This (entirely too large) PR represents work I've been doing over the last few months to address a large number of bugs in both the acpi and aml crates, and generally improve the quality of the library. While this work is nowhere near complete, it represents the library getting back to a point where I think it is reasonable for projects to use it (in that it is more correct than the current interpreter in all circumstances), and is already too unwieldy to rebase against other PRs that are waiting for review/merging.

For contributors awaiting PRs being merged, I apologise for this derailing your contributions, and I am happy to assist in rebasing your changes/creating new patches with you credited as authors. I will review current PRs when I have time.

Summary of changes

Firstly, the acpi crate has undergone major reworking to simplify logic surrounding table mapping and RSDT enumeration. This should fix #245.

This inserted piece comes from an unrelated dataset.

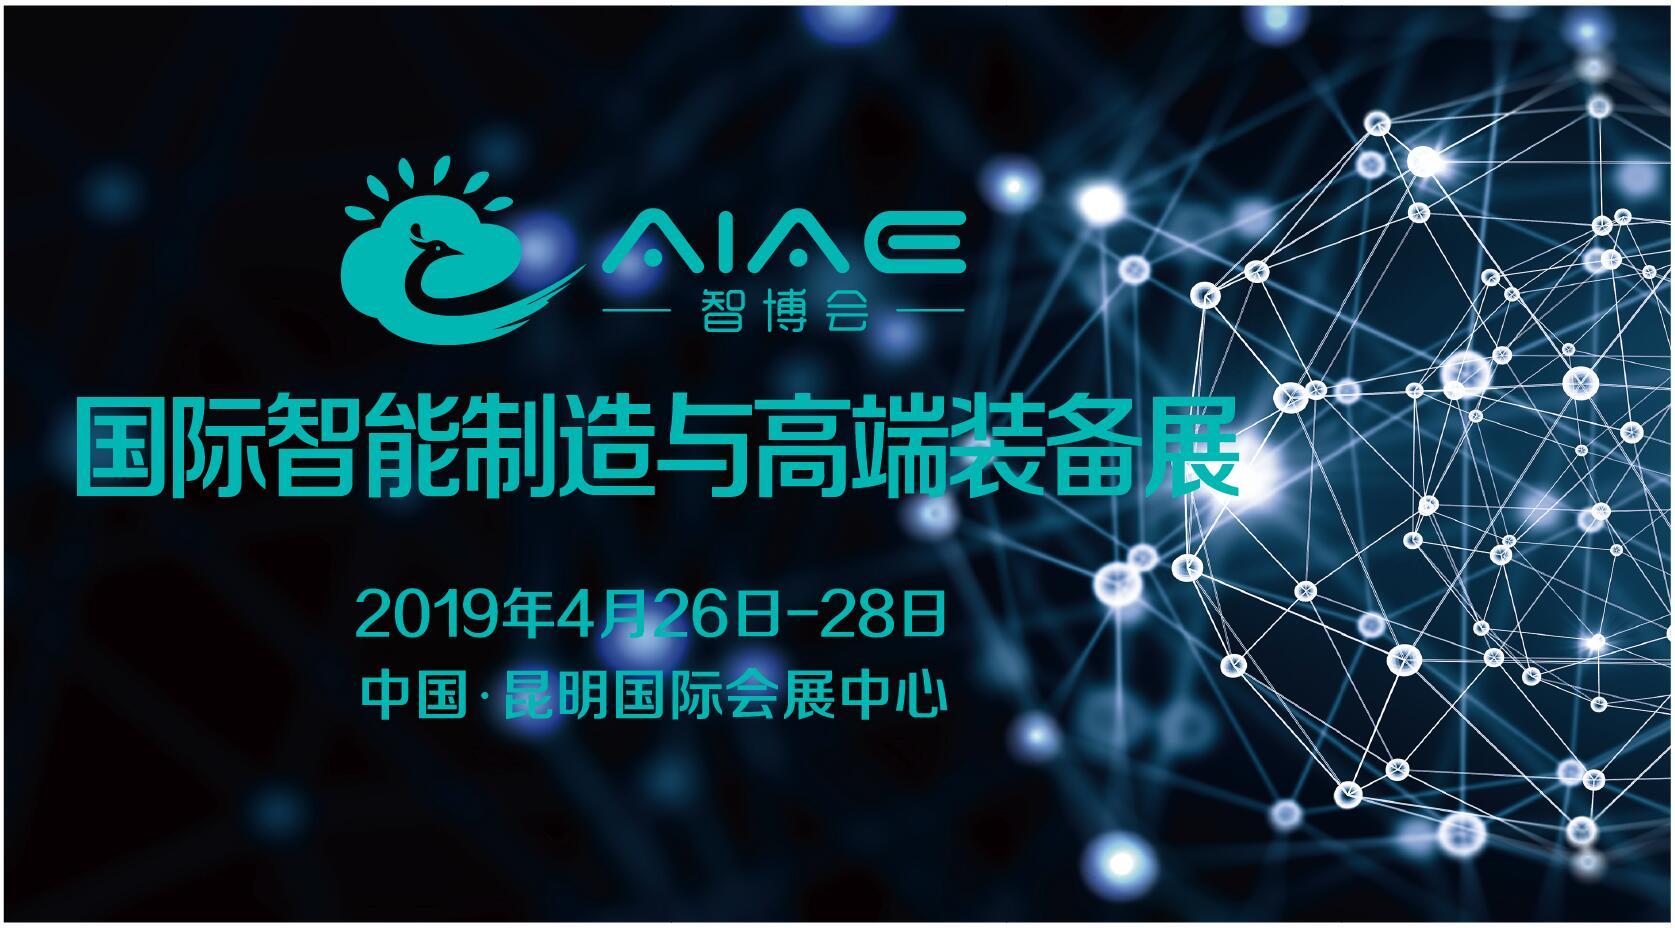 国际人工智能与智能制造高端装备博览会
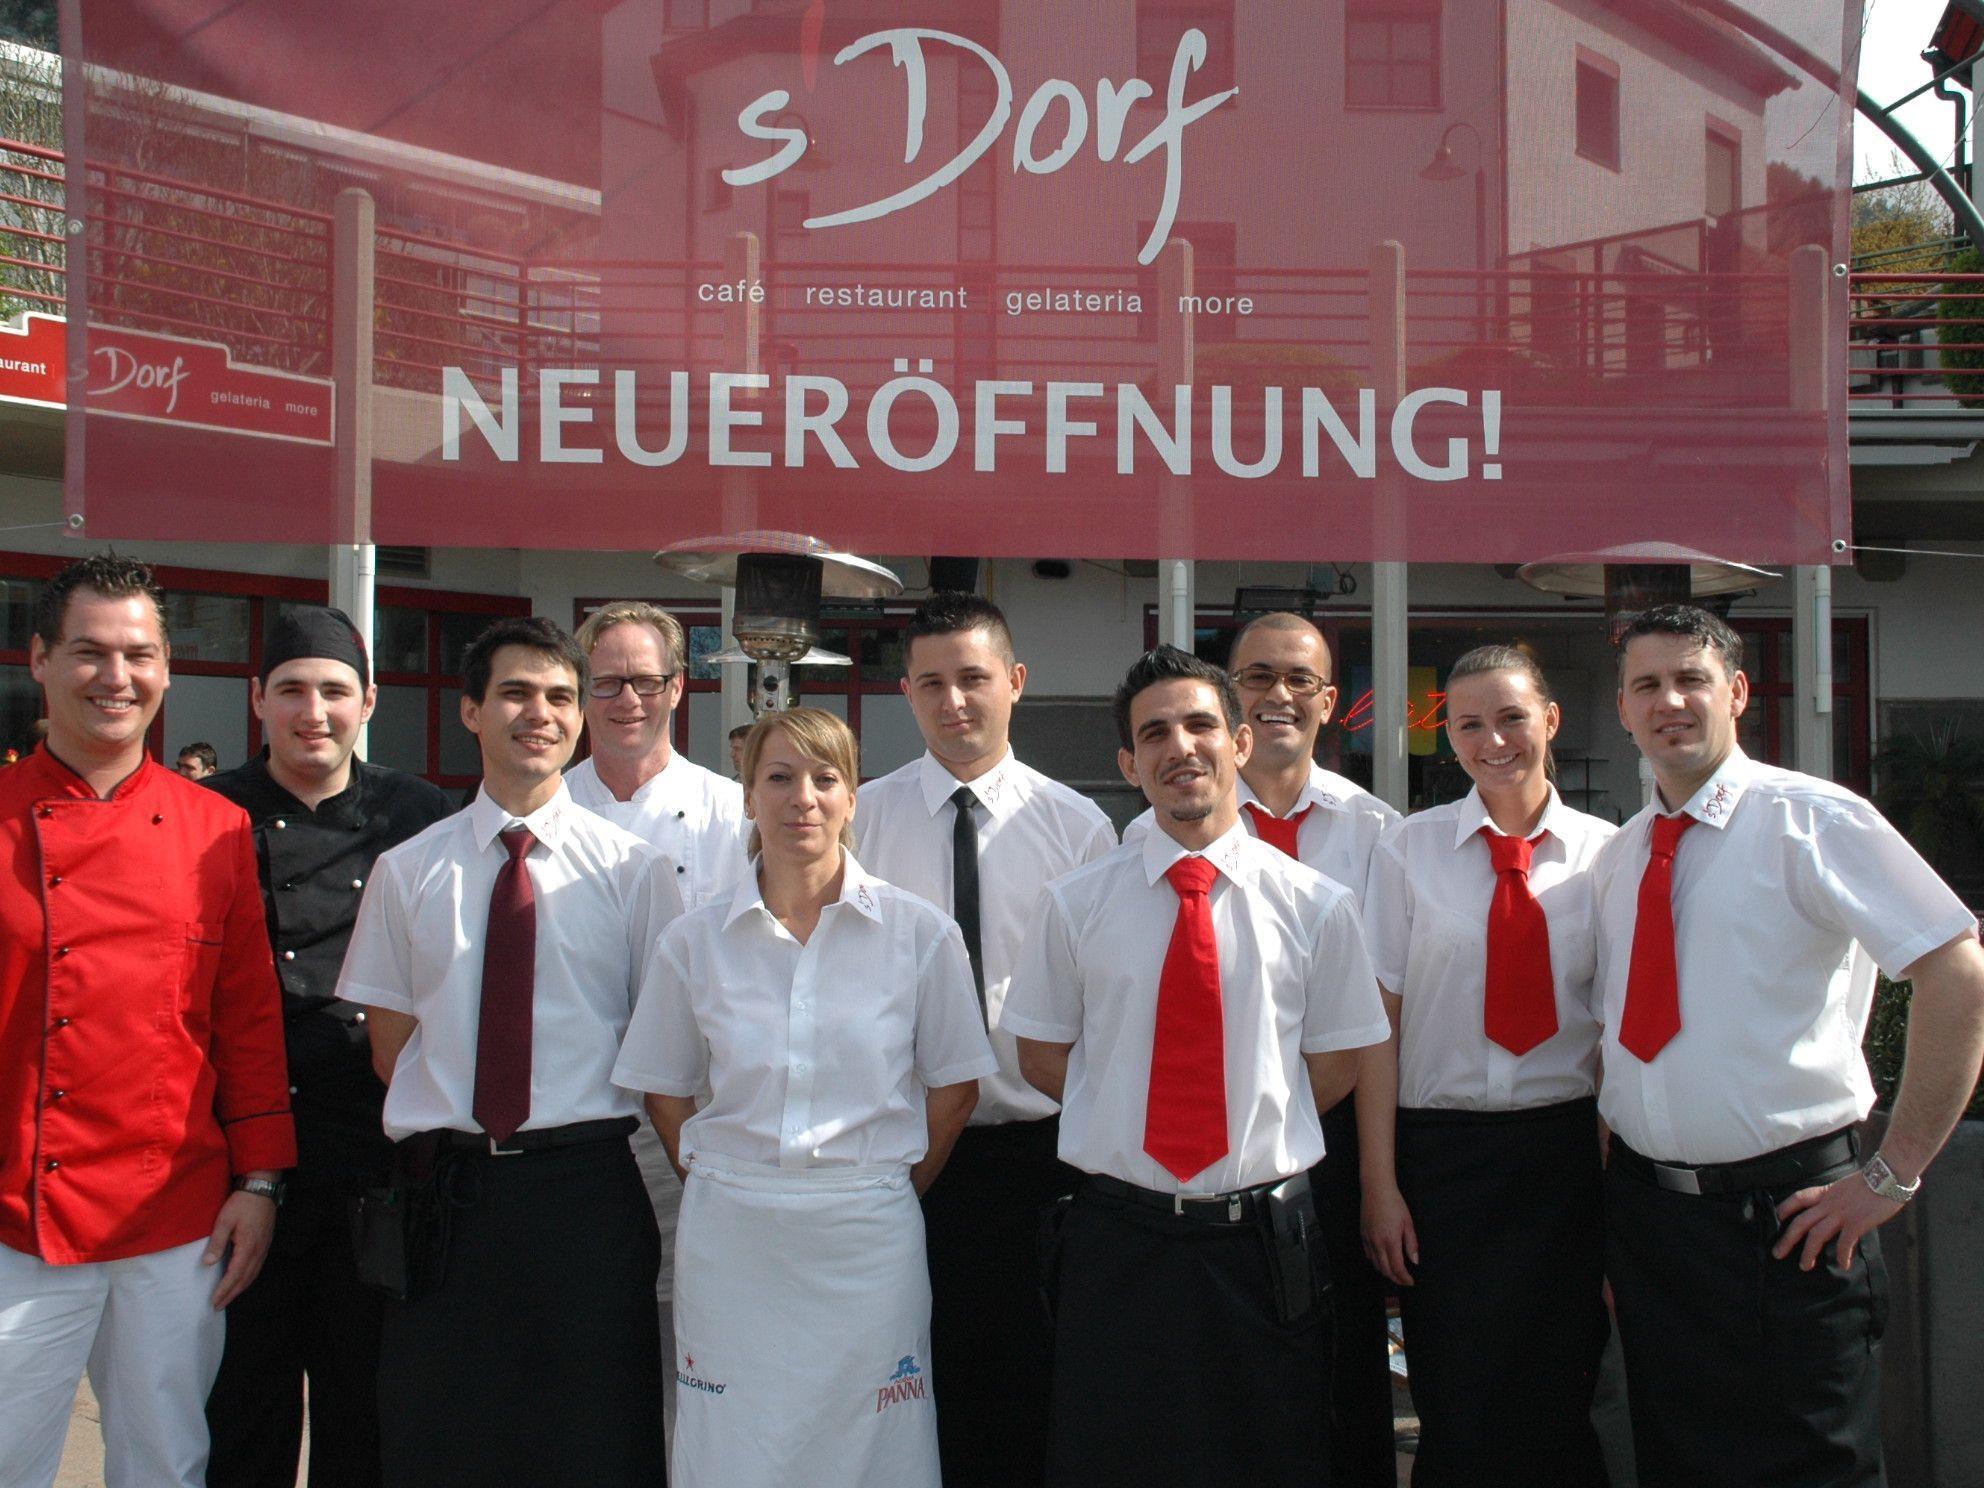 Patrick Raid (ganz links) feierte kürzlich die Neueröffnung des Dorf Cafes im Götzner Zentrum

Previous work on allowing fallible allocations has been removed, as it added significant complexity for little real-world gain at this time - if the ecosystem around fallible allocation in Rust improves in the future, I'm not against re-adding these capabilities. The split between the portion of the library that can be used without an allocator vs requiring one has been made clearer, with allocating methods being moved under the higher-level platform module.

This PR also deprecates the aml crate, bringing the interpreter into the acpi crate under a feature-flag. This simplifies the most common use-cases of the library, and was effectively required for ergonomic handling of some AML operations that require us to handle static ACPI tables. Future work with the ACPI event system will likely require closer coupling between the previously-separate parts of the library, as well.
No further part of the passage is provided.